The new Museum includes approximately 48,000 square feet and will feature collections in a main gallery, changing gallery and art gallery. The new Museum, a repository for cultural artifacts, stories and history, will also include an education center and garden.
The Spa includes approximately 40,000 square feet to celebrate the ancient healing waters of the Agua Caliente Hot Mineral Spring with treatments rooms, men and women’s bathhouses, a tranquility garden, a salon, fitness center and outdoor mineral pools.
The water from the Agua Caliente Hot Mineral Spring is estimated to be upwards of 12,000 years old and is truly unique as it contains a mineral make-up that has not been found anywhere else in the world. The Tribe has shared the healing water with visitors for more than 100 years. This new Spa will be the fifth bathhouse or spa at the site, with the first one operating in the late 1880s.
The Oasis Trail will meander between the Museum and Spa and will include terraces, a waterfall, sandy beach, fire pits and meditation labyrinth. Building upon the traditions of the Agua Caliente people and the world-renowned natural features of their ancestral lands, the new Agua Caliente Cultural Center will encompass a wide-range of experiences and learning opportunities that conveys the values and legacy of the Agua Caliente Band of Cahuilla Indians.

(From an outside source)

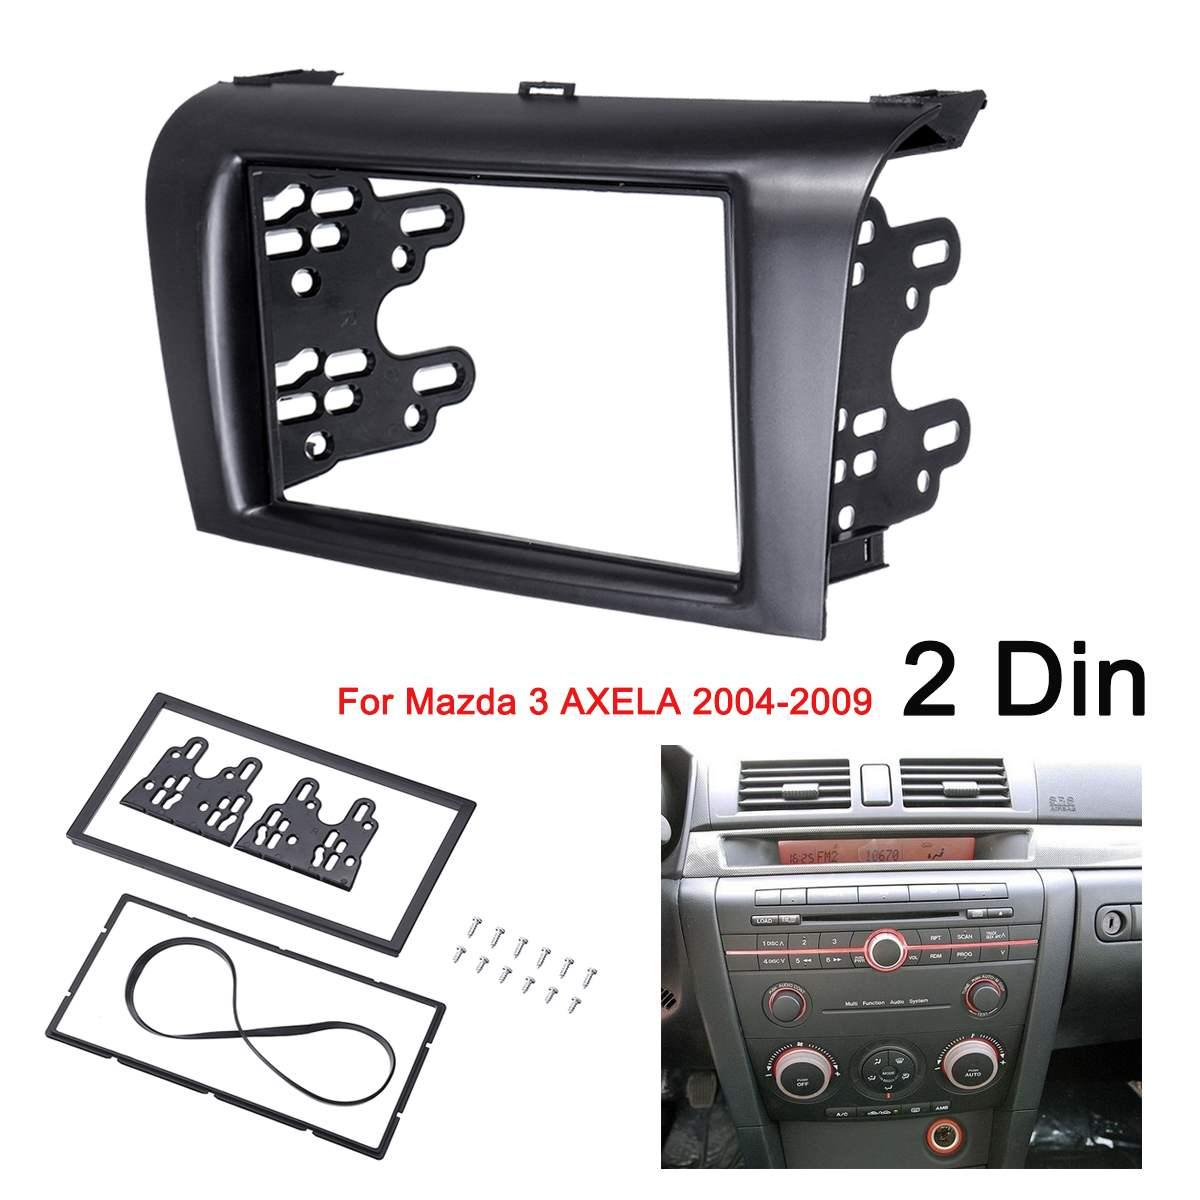 2DIN radio samochodowe stereo DVD konsola oblicowania panel do montażu na desce rozdzielczej listwa wykończeniowa zestaw osłona ramy dla Mazda 3 AXELA 2004 2005 2006 2007 2008 2009
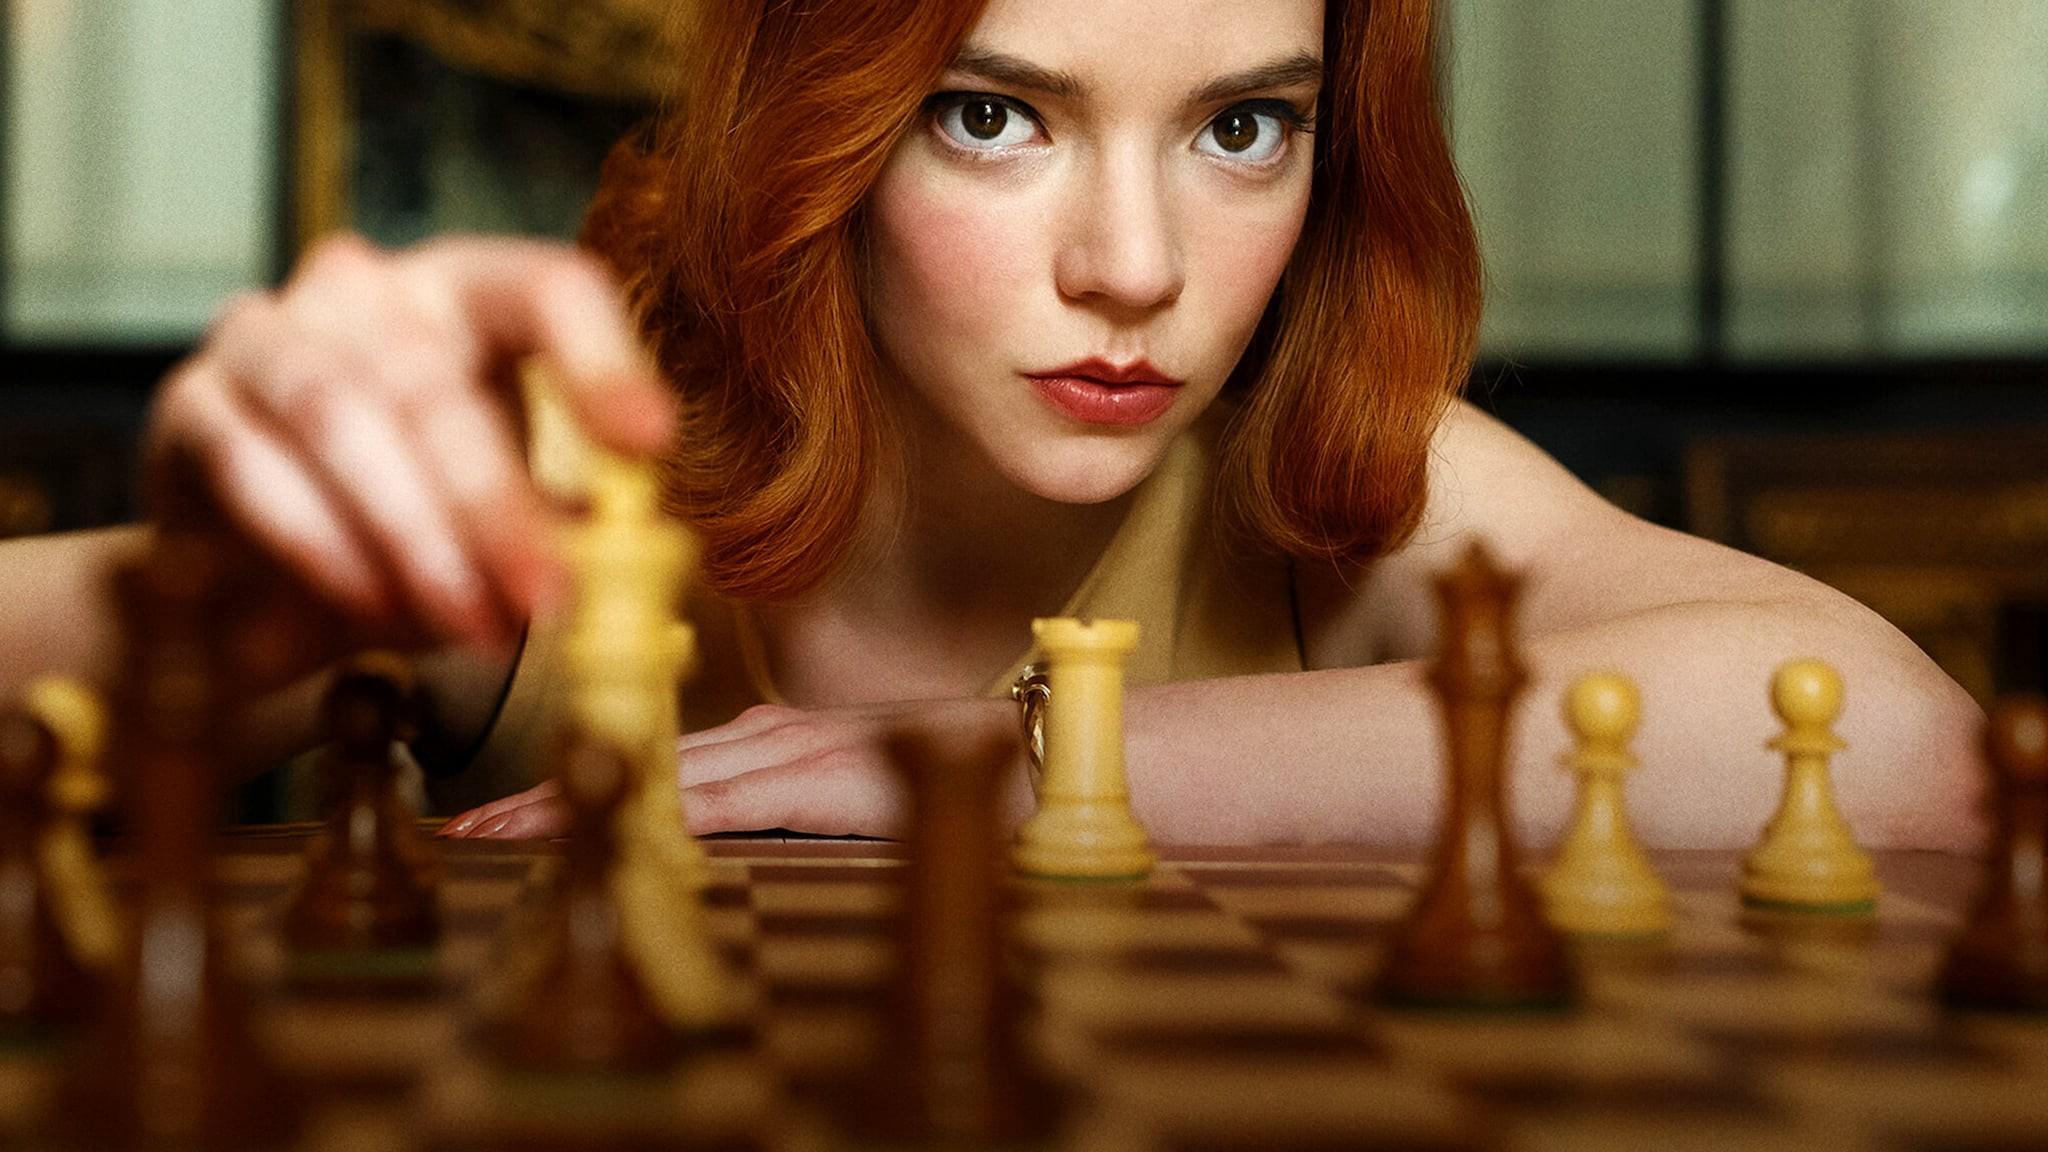 電影談心室】學『終極女人味攻略』五招:看神劇《后翼棄兵》貝絲哈蒙- Yahoo奇摩電影

As an integral part of the strategic Vision Agua Caliente process that the Tribe initiated several years ago, the Cultural Center will serve as a cornerstone to the long-term goals of the Tribe, and has been designed to be woven into the Master Plan that the Agua Caliente have established for this site in downtown Palm Springs.
“This Cultural Center will allow us to reconnect to our own cultural heritage while sharing it with others,” Chairman Grubbe said.
About the Tribe
The Agua Caliente Band of Cahuilla Indians is a federally recognized Indian Tribe located in Palm Springs, California, with 31,500 acres of reservation lands that spread across Palm Springs, Cathedral City, Rancho Mirage, and into the Santa Rosa and San Jacinto mountains. The Tribe currently owns and operates two 18-hole championship golf courses, the Spa Resort Casino in downtown Palm Springs and the Agua Caliente Casino Resort Spa in Rancho Mirage. For more information about the Tribe, visit www.aguacaliente-nsn.gov.
About JCJ Architecture
JCJ Architecture is a nationally recognized planning, architecture and interior design firm with offices in Phoenix, San Diego, Los Angeles, Atlanta, Boston, Hartford and New York City. Since its founding in 1936, the firm has worked with a diverse range of clients, including over 50 Tribal Nations, on projects ranging from hospitality and leisure, to cultural, community, gaming, education, public safety, and civic. With a comprehensive planning and design process that is formulated to address each project’s unique challenge, context and purpose. JCJ is made up of more than 100 employee-owners who are proud to have created buildings and places of exceptional and enduring quality.